**WHAT THE TASK REQUIRES:** Every line below should be copied exactly; drop the pictures.

DATASET CONTENT Block Start

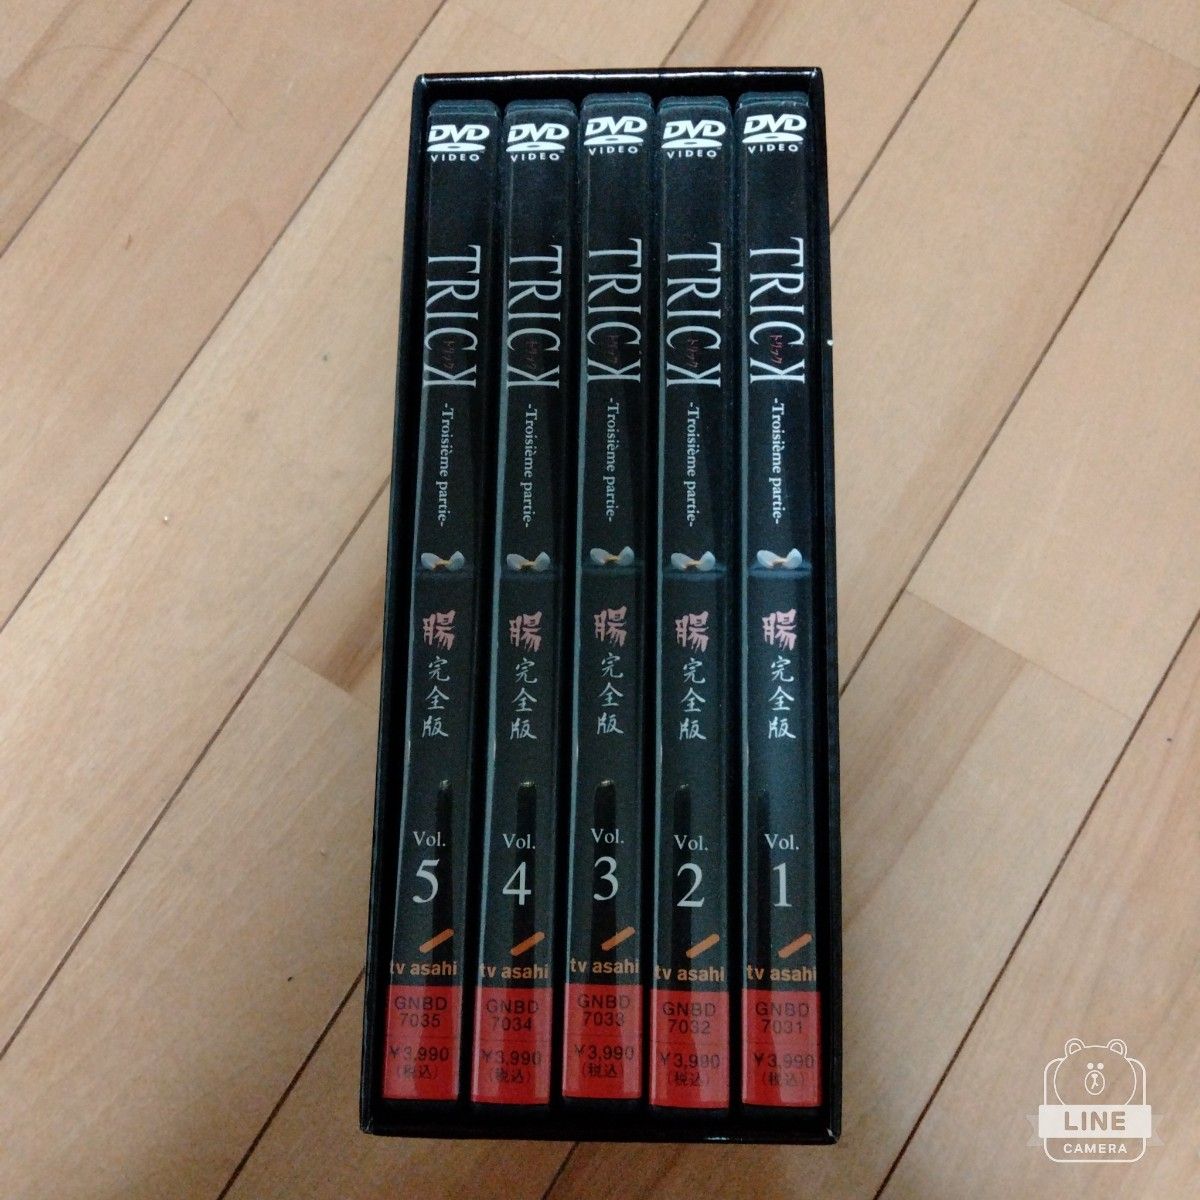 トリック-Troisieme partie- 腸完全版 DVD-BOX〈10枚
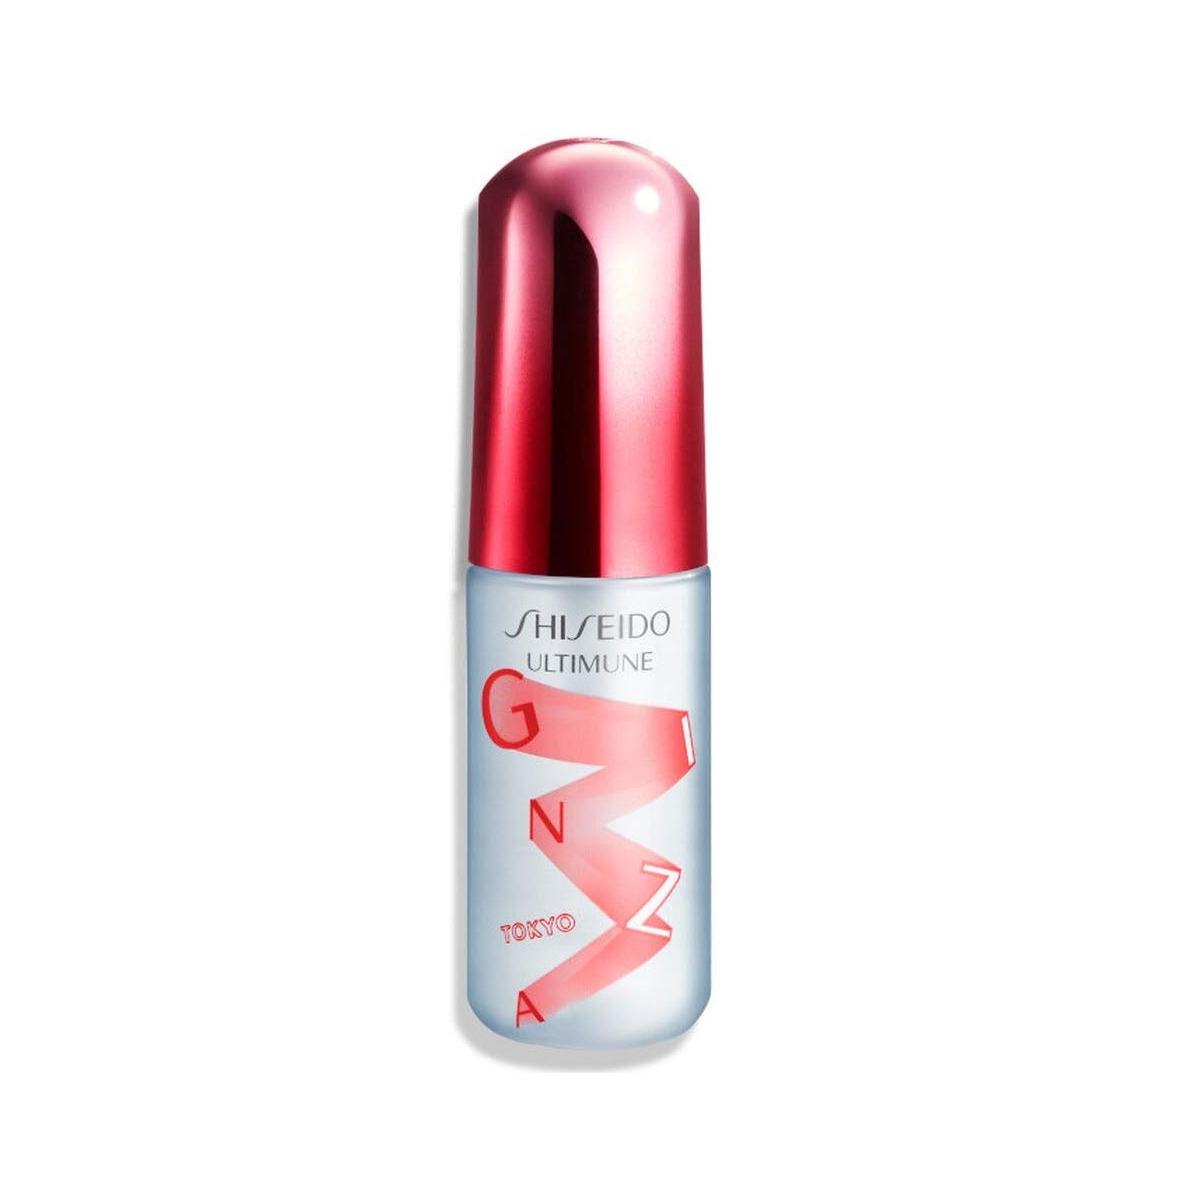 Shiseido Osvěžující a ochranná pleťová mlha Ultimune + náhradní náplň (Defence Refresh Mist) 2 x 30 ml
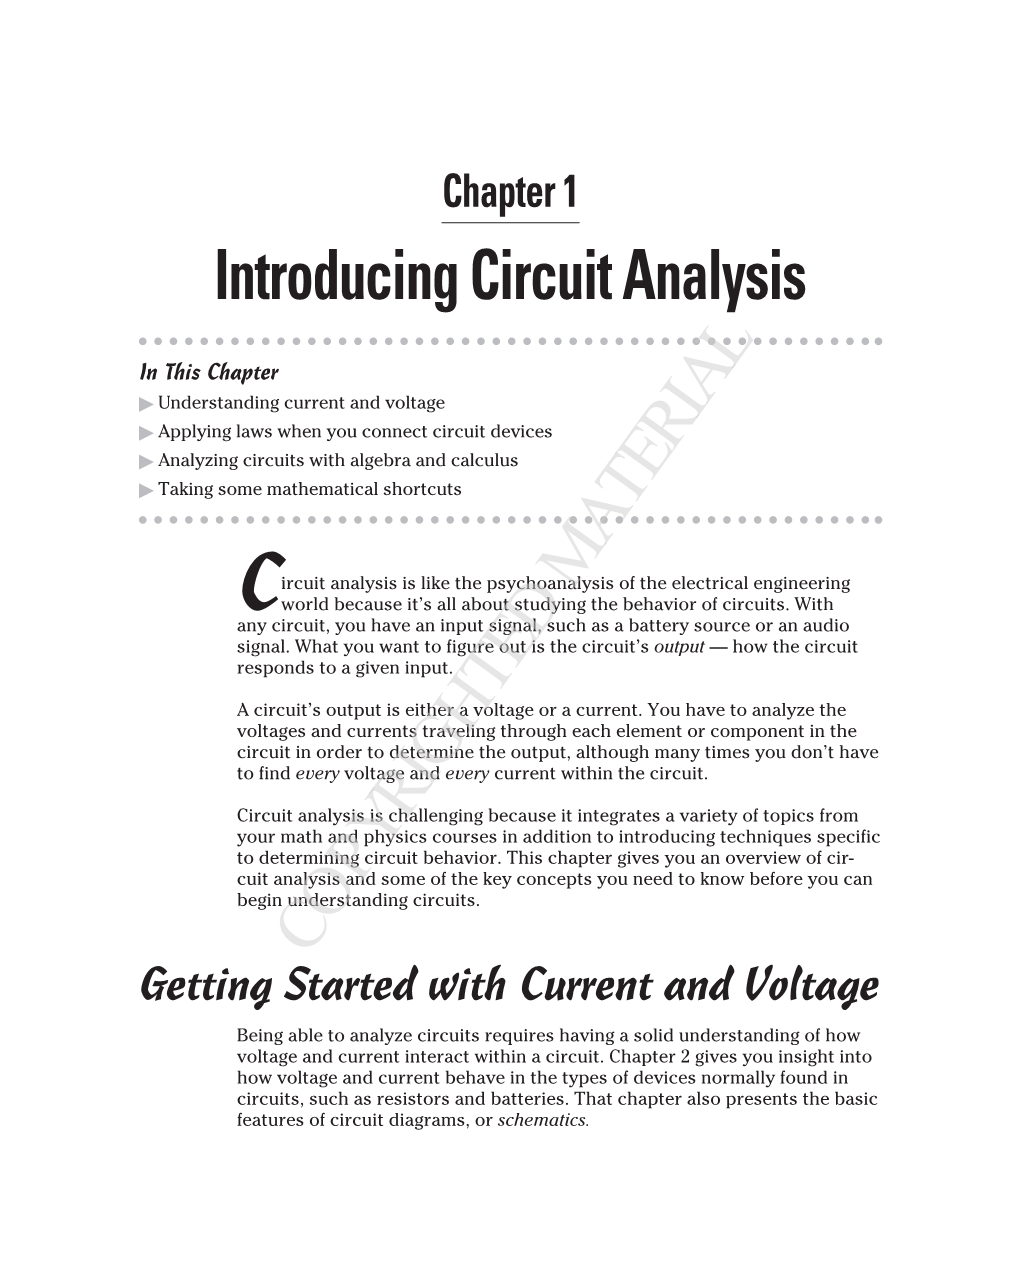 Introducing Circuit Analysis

DATASET CONTENT Block End

**WORKED SOLUTION:**
 トリック-Troisieme partie- 腸完全版 DVD-BOX〈10枚
 Shiseido Osvěžující a ochranná pleťová mlha Ultimune + náhradní náplň (Defence Refresh Mist) 2 x 30 ml
 Introducing Circuit Analysis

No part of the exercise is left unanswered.